Task details:
Please give back, word for word, only the lines starting at the one containing "myplate daily checklist" and ending at the one containing "GIBS Ad Austra" within the material below.

Task material START

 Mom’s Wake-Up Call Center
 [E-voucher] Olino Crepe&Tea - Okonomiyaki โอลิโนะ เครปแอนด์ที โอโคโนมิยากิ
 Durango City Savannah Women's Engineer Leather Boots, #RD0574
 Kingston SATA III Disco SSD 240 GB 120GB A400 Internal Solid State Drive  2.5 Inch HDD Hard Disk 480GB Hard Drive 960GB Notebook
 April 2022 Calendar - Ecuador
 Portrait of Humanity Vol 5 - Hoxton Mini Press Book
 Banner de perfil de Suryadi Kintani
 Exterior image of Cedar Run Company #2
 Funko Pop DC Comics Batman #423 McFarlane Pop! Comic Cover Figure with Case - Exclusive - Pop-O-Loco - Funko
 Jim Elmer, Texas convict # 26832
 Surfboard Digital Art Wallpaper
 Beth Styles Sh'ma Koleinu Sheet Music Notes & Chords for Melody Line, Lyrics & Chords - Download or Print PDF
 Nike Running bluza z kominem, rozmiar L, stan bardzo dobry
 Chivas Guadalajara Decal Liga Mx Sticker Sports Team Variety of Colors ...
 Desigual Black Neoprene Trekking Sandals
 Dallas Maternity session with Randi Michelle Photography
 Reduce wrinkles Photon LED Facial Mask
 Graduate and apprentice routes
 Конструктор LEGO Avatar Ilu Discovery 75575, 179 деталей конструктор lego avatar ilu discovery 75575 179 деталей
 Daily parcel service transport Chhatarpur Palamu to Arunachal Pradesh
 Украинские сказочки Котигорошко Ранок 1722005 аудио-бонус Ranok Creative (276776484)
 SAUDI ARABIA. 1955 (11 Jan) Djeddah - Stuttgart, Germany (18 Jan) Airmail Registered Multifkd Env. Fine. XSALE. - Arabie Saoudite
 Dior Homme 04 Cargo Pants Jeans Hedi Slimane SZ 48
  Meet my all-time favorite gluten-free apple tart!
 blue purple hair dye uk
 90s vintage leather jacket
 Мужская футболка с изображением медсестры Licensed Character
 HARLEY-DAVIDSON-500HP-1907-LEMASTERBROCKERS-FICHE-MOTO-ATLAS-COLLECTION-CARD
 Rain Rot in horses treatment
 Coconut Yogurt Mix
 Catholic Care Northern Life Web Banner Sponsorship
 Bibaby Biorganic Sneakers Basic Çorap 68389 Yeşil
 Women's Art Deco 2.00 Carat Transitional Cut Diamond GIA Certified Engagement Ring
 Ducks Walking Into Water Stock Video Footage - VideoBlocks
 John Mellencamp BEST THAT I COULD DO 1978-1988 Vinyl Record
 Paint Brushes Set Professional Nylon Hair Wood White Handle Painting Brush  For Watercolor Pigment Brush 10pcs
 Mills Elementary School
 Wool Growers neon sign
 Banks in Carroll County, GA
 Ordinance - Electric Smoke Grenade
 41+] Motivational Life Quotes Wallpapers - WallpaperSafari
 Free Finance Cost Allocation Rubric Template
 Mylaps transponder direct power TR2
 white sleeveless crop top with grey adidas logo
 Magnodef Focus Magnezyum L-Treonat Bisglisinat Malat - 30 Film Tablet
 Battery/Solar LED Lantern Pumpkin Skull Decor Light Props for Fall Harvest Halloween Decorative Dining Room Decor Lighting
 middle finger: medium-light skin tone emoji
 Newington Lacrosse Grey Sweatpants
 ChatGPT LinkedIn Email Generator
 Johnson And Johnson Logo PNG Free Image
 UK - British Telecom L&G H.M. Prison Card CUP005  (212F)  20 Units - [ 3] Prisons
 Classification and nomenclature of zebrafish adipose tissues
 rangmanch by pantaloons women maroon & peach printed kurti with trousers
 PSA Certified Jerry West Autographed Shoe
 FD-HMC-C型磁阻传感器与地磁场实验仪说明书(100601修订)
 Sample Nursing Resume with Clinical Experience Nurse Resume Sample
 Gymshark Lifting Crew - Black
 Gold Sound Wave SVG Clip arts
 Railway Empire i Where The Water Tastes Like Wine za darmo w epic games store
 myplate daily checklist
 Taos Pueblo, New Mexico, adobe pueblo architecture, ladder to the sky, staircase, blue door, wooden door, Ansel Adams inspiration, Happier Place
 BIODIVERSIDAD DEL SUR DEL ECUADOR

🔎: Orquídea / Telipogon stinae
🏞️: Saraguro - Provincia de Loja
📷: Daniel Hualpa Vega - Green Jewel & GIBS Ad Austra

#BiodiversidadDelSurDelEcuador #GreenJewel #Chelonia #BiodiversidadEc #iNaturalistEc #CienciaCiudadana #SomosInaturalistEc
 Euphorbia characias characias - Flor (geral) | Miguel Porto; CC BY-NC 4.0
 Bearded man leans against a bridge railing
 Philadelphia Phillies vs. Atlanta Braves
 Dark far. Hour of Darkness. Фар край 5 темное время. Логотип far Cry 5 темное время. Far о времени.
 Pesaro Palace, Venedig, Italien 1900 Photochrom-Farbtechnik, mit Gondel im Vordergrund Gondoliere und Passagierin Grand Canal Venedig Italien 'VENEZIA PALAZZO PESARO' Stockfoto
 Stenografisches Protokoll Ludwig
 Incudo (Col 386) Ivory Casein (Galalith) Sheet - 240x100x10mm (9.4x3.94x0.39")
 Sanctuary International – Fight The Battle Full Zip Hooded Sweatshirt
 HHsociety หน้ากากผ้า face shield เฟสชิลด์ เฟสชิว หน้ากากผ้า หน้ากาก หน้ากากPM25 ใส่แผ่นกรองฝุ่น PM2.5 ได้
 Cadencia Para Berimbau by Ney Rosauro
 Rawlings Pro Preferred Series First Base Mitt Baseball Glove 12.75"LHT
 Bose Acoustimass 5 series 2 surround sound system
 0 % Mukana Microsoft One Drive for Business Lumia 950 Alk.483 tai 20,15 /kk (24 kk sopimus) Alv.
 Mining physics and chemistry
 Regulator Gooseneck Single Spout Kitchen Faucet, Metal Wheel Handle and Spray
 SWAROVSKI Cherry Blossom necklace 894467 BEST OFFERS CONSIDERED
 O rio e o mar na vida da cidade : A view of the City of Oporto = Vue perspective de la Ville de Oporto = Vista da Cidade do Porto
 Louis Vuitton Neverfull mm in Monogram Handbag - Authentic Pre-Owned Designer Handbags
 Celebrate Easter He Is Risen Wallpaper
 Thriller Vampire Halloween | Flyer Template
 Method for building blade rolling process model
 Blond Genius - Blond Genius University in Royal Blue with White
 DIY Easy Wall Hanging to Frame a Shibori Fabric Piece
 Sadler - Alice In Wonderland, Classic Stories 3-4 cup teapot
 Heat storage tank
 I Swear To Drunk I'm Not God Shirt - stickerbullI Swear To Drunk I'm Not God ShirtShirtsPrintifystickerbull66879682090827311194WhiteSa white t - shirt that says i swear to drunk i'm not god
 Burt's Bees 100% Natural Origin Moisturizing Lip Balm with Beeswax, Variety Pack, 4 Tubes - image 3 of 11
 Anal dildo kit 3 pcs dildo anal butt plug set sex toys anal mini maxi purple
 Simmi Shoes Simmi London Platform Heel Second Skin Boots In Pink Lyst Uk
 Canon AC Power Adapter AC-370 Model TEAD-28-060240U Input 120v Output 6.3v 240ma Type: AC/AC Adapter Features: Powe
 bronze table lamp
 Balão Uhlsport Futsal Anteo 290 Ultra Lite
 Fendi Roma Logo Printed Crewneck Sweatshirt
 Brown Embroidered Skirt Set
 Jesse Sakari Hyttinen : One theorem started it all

Task material END

Response to the exercise:
 myplate daily checklist
 Taos Pueblo, New Mexico, adobe pueblo architecture, ladder to the sky, staircase, blue door, wooden door, Ansel Adams inspiration, Happier Place
 BIODIVERSIDAD DEL SUR DEL ECUADOR

🔎: Orquídea / Telipogon stinae
🏞️: Saraguro - Provincia de Loja
📷: Daniel Hualpa Vega - Green Jewel & GIBS Ad Austra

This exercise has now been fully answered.